Counsel, however, resist that conclusion, and contend that the jurisdiction which was made subject to the provisions of the section is yet to be regarded independently of them, and subject to the provisions of the local statutes. The reasoning by which this is attempted to be supported is somewhat involved and is difficult to represent succinctly. It is that the enabling act of the state, exccept as modified, and the Constitution of the state, continued the laws in force in the territory at the time of its admission into the Union until they expired or were altered or repealed, and that by those laws minors were defined (Wilson's St. 733), and other laws gave power to confer upon them the rights of majority (Wilson's St. c. 59, art. 5, 73-75). But this did not preclude the exercise of the power of Congress as exhibited in the act of May 27, 1908. Marchie Tiger v. Western Invest. Co., 221 U.S. 286 , 55 L. ed. 738, 31 Sup. Ct. Rep. 578. And the courts, both state and Federal, have found no difficulty in determining its meaning or its dominance over the provisions of the state law. Priddy v. Thompson, 123 C. C. A. 277, 204 Fed. 955; Jefferson v. Winkler, 26 Okla. 653, 110 Pac. 755. And we think it is clear that 1 and 4 are not to be construed independently of the other sections of the act.

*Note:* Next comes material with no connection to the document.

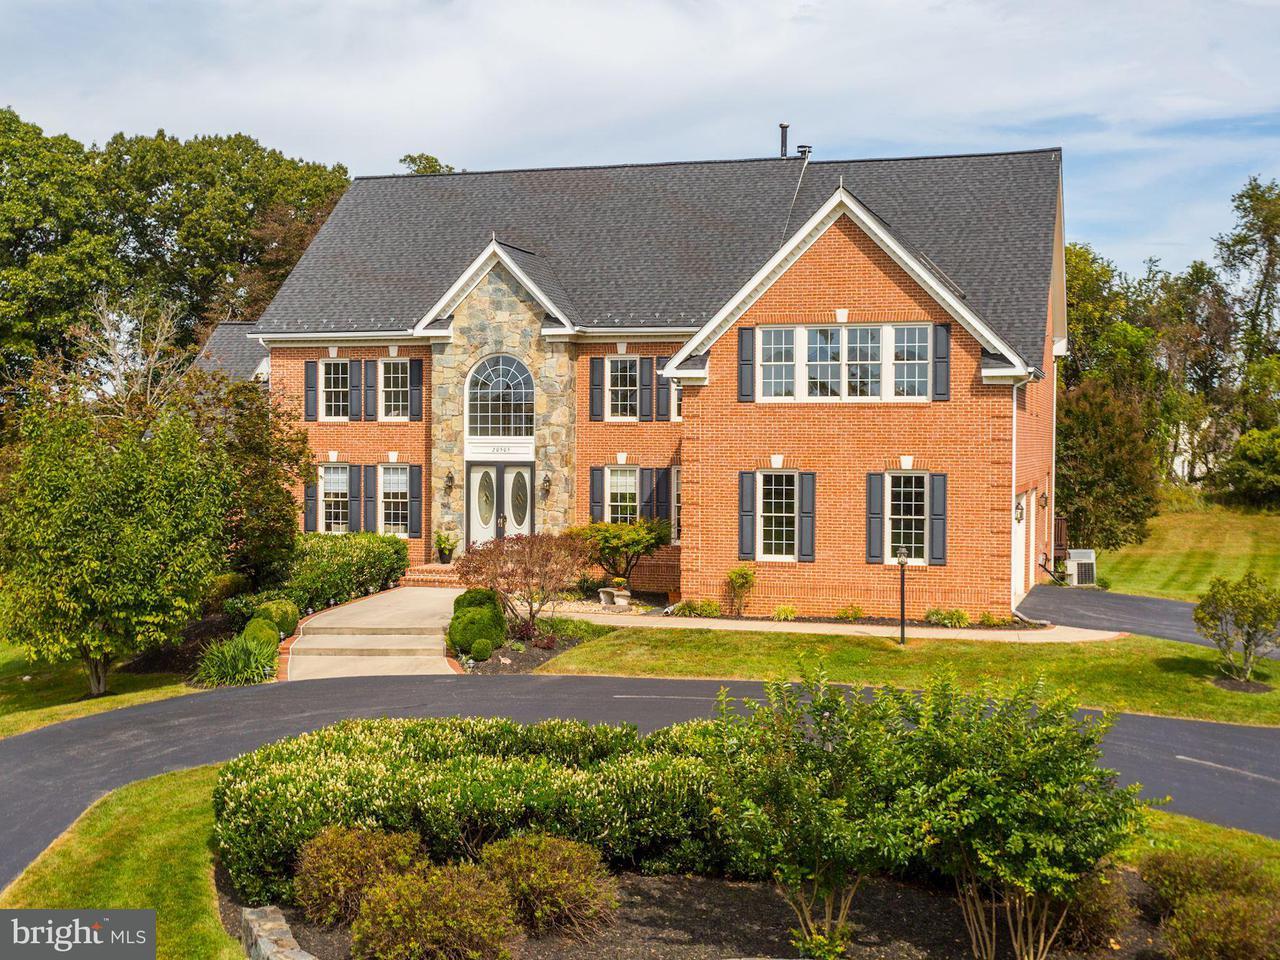 Casa Unifamiliar por un Venta en 20505 Bordly Court 20505 Bordly Court Brookeville, Maryland 20833 Estados Unidos

In Jefferson v. Winkler an Indian girl married when she was under eighteen, and while under that age conveyed [236 U.S. 223, 229] her allotment. It was held that under the general law of Oklahoma the marriage emancipated her, but that, notwithstanding, her conveyance was void, the act of May 27, 1908, prevailing over the state law. The reasoning of the court is directly antagonistic to that of appellants in the case at bar, the same contentions being urged in that case as in this. In other words, it was contended that 1 of that act was absolute, and was not modified by 2, and the court, considering all of the provisions of the act, was of opinion that the legislative intention was to provide that the allotted lands of freedmen and mixed-blood Indians of less than half Indian blood, under the age of eighteen if a female, and under the age of twenty-one if a male, might be sold under the supervision and jurisdiction of the probate courts of the state, and not otherwise. The court, therefore, decided, upon a consideration of the act of May 27, 1908, and of the laws of the state, that the latter, removing the disability of minority, do not extend to Indian minors as defined by the act of Congress.
The construction has become a rule of property in the state, and we should be disposed to accept it as such, even if we had doubts of the construction of the act of May 27, 1908. Reynolds v. Fewell, 236 U.S. 58 , 59 L. ed. --, 35 Sup. Ct. Rep. 230.